Entre todas as vertentes da psicologia, a que está mais distante da integração com as outras
áreas da ciência é justamente a psicanálise. "Nós não somos uma área da medicina, e não
trabalhamos com o conceito de diagnóstico como os psiquiatras fazem. Não tratamos de
doenças específicas, mas sim do paciente como um todo", diz o psicanalista Renato Mezan,
uma das maiores autoridades brasileiras na obra de Sigmund Freud. Para Mezan, as
fronteiras são claras: "O tratamento psiquiátrico minora os sintomas, enquanto a psicanálise
quer investigar qual o sentido desses sintomas em cada indivíduo". No divã, persegue-se
mais o autoconhecimento do que uma hipotética cura. Embora a rivalidade ainda subsista,
psicanalistas e psiquiatras já não são radicais como no passado. Mezan admite que
encaminha alguns pacientes seus para o psiquiatra quando acha conveniente, e Beny Lafer
diz que identifica quando seus pacientes são caso de psicanalista. "Não dá para descartar
tudo o que Freud falou. As teorias de Skinner e de Beck, que nada têm de freudianas,
confirmam com instrumentos práticos várias coisas que o pai da psicanálise intuiu em seus
escritos", avalia Vera Lemgruber, presidente da Associação Psiquiátrica do Rio de Janeiro.
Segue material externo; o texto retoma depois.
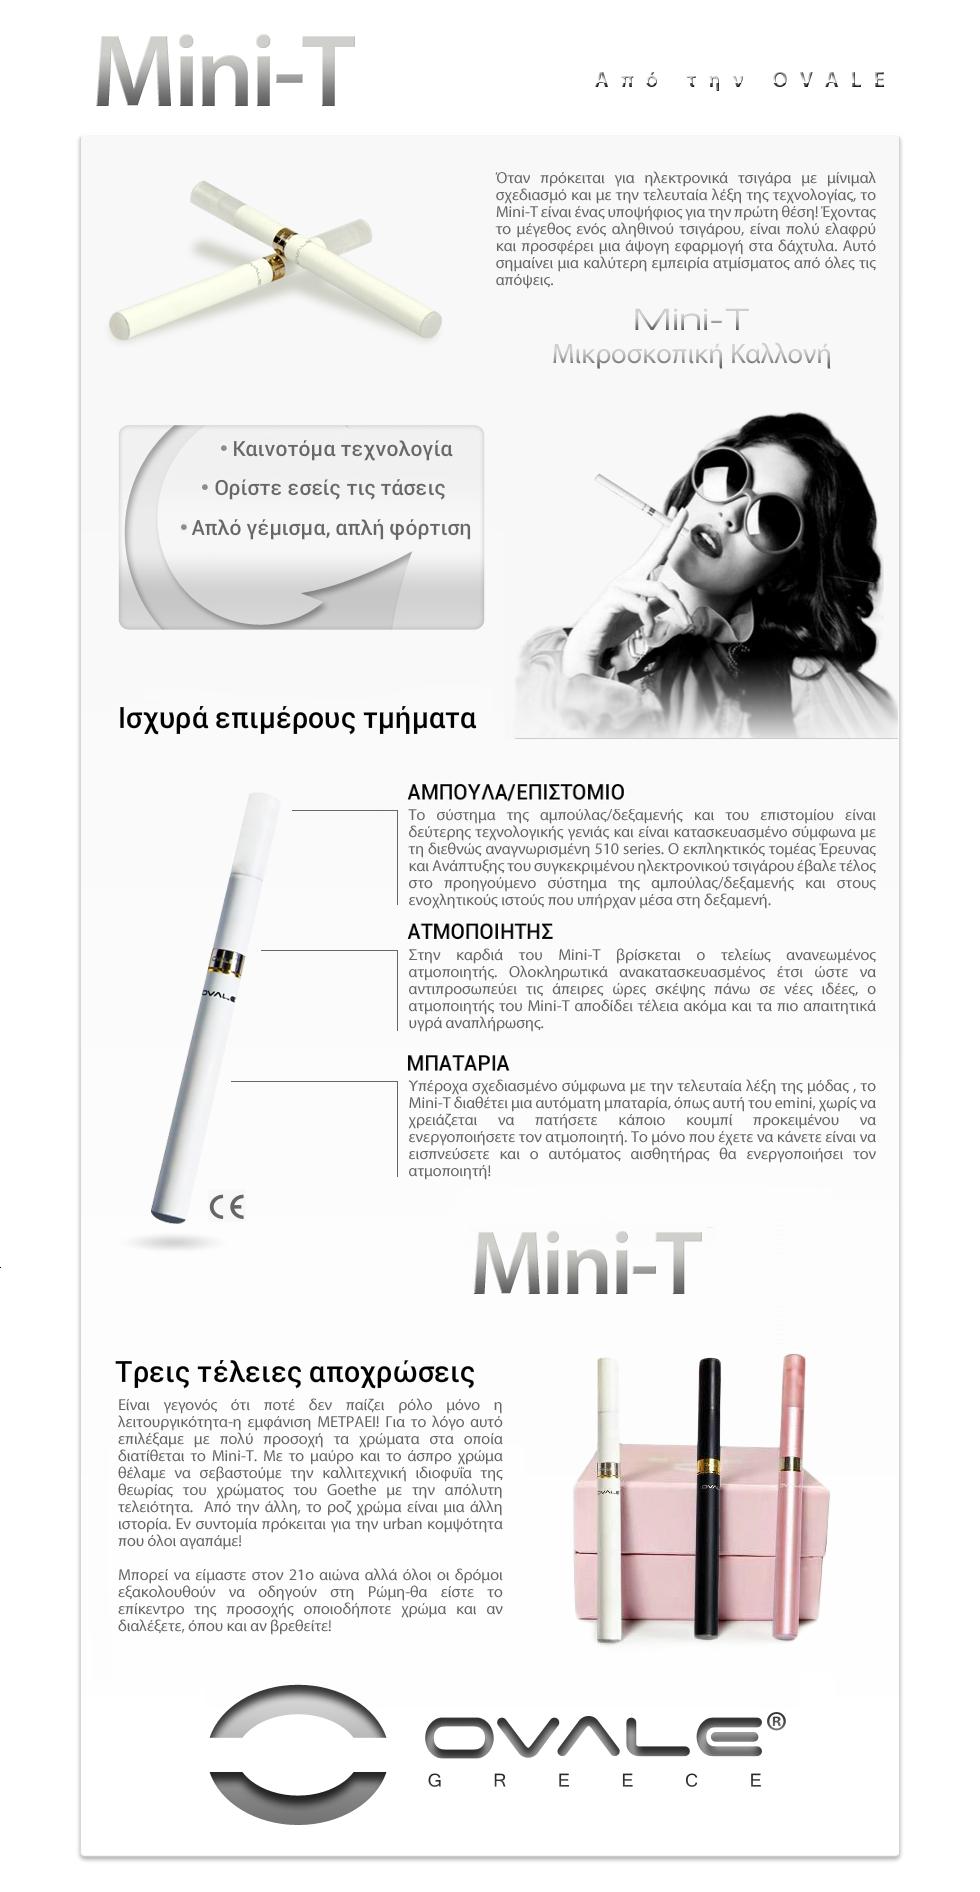 ηλεκτρονικό τσιγάρο, υγρό αναπλήρωσης ηλεκτρονικού τσιγάρου, κόψιμο καπνίσματος, ovale, joyetech, mini

É fato, no entanto, que existe um declínio do tratamento psicanalítico. Estima-se que, nos
últimos vinte anos, os pacientes que enfrentam a aventura intelectual do divã venham
decrescendo à razão de 10% ao ano. Os motivos são fáceis de ser identificados: ela é cara,
demorada e não oferece garantia de cura. No artigo mais provocativo sobre o assunto
escrito nos últimos tempos, o neurologista Eric Kandel, Prêmio Nobel de Medicina em
2000, criticou duramente a terapia psicanalítica. Segundo ele, a psicanálise, que existe há
mais de um século, deveria estar preocupada em obter evidências científicas de seus
mecanismos. Se não enfrentar esse desafio, acha o cientista, ela estará fadada a perder cada
vez mais influência. O artigo de Kandel, intitulado "A biologia e o futuro da psicanálise",
pode ser o estímulo que falta para que as teorias de Freud sejam finalmente cotejadas com
a ciência de ponta. O austríaco não se furtaria ao confronto, pelo que deu a entender em
Além do Princípio do Prazer, obra de 1920: "Podemos esperar que a biologia nos dê as
mais surpreendentes informações e não podemos imaginar quais respostas, daqui a dezenas
de anos, ela terá para as questões que agora lhe fazemos. Elas podem vir a destruir toda a
estrutura artificial de nossas hipóteses".
Freud, não se deve esquecer, era médico. Se pudesse acompanhar o que ocorre atualmente,
é provável que aprovasse a parceria cada vez mais estreita entre psiquiatria e psicologia,
apesar das resistências (sem trocadilho) dos seguidores da psicanálise. E certamente ele,
que também se esforçou para cancelar o pesado estigma das doenças mentais, ficaria muito
satisfeito com o fato de as pessoas hoje se sentirem mais livres para falar desses distúrbios
e procurar ajuda. "O oposto da depressão não é felicidade, e sim vitalidade", escreveu o
ensaísta americano Andrew Solomon, que sofre do distúrbio e é autor de um belo livro
sobre o tema, O Demônio do Meio-Dia. É isso que a associação entre psiquiatras e
terapeutas oferece: vitalidade. Força para equilibrar-se num mundo tão desequilibrado.